Oracle has outlined a strategy to exploit the market for 'fast data', with an explanation on how it relates to the 'device to data centre' concept.
Pete Utzschneider, Vice President Product Management at Oracle, sets out the company's position in an audio interview on the company's blogsite, linking the strategy to the growing interest in the "internet of things".
The latter refers to the proliferation of 'edge' devices such as sensors, mobile point of sales units and shop tills that can provide real time data to businesses. Their numbers are rapidly increasing, and they are throwing growing volumes of information at data centres at high speed.
Utzschneider says that companies will want to analyse this data as quickly as they receive it in order to develop new services and get a competitive edge.
"Organisations will have to take 'fast data' and do analysis on the fly," he says. "If you can do that you can provide a responsiveness to enable customer service."

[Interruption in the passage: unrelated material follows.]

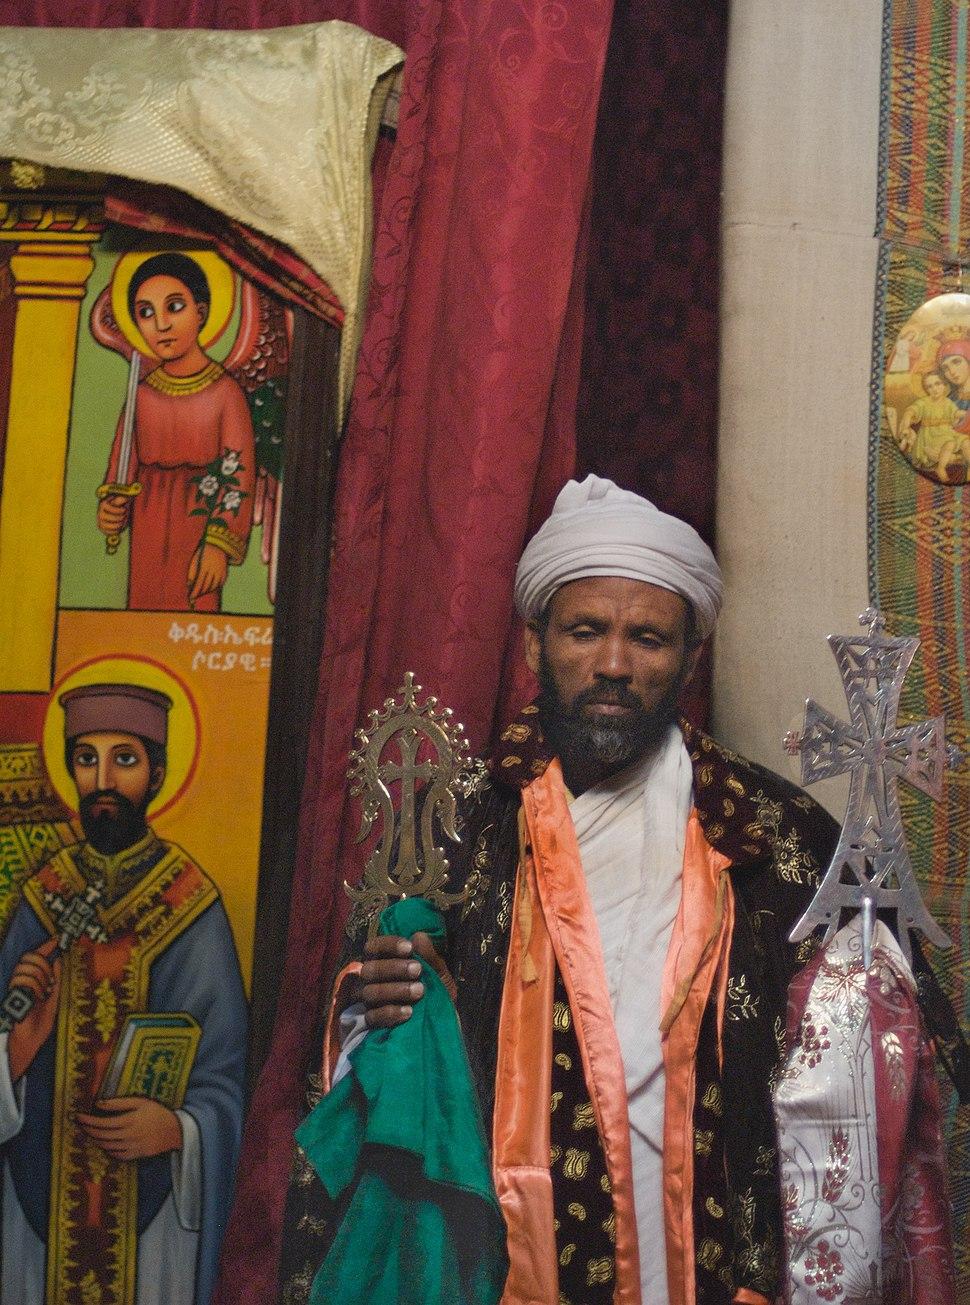 Display of Procesional Crosses, Church of Bet Maryam, Lalibela, Ethiopia (3230772118)

He claims that Java programming language, for which Oracle has held the rights since it bought Sun Microsystems in 2010, is likely to play an important part as the platform for developers top create applications to manage fast data. There is a very large community of them, and the company can point to its Oracle Event Processing (OEP) as a software foundation for applications that can handle data in real time.
Utzschneider suggests this makes it possible to create an "event decision architecture" that can be used in making changes in operations and customer service. It is possible to collect the data from a massive number of devices as it becomes available, run it through the OEP engine on a server and make decisions about large and small issues that affect profitability.
"We believe the 'device to data centre' concept provide a way for organisations to cope with and transform this data to an opportunity," he says.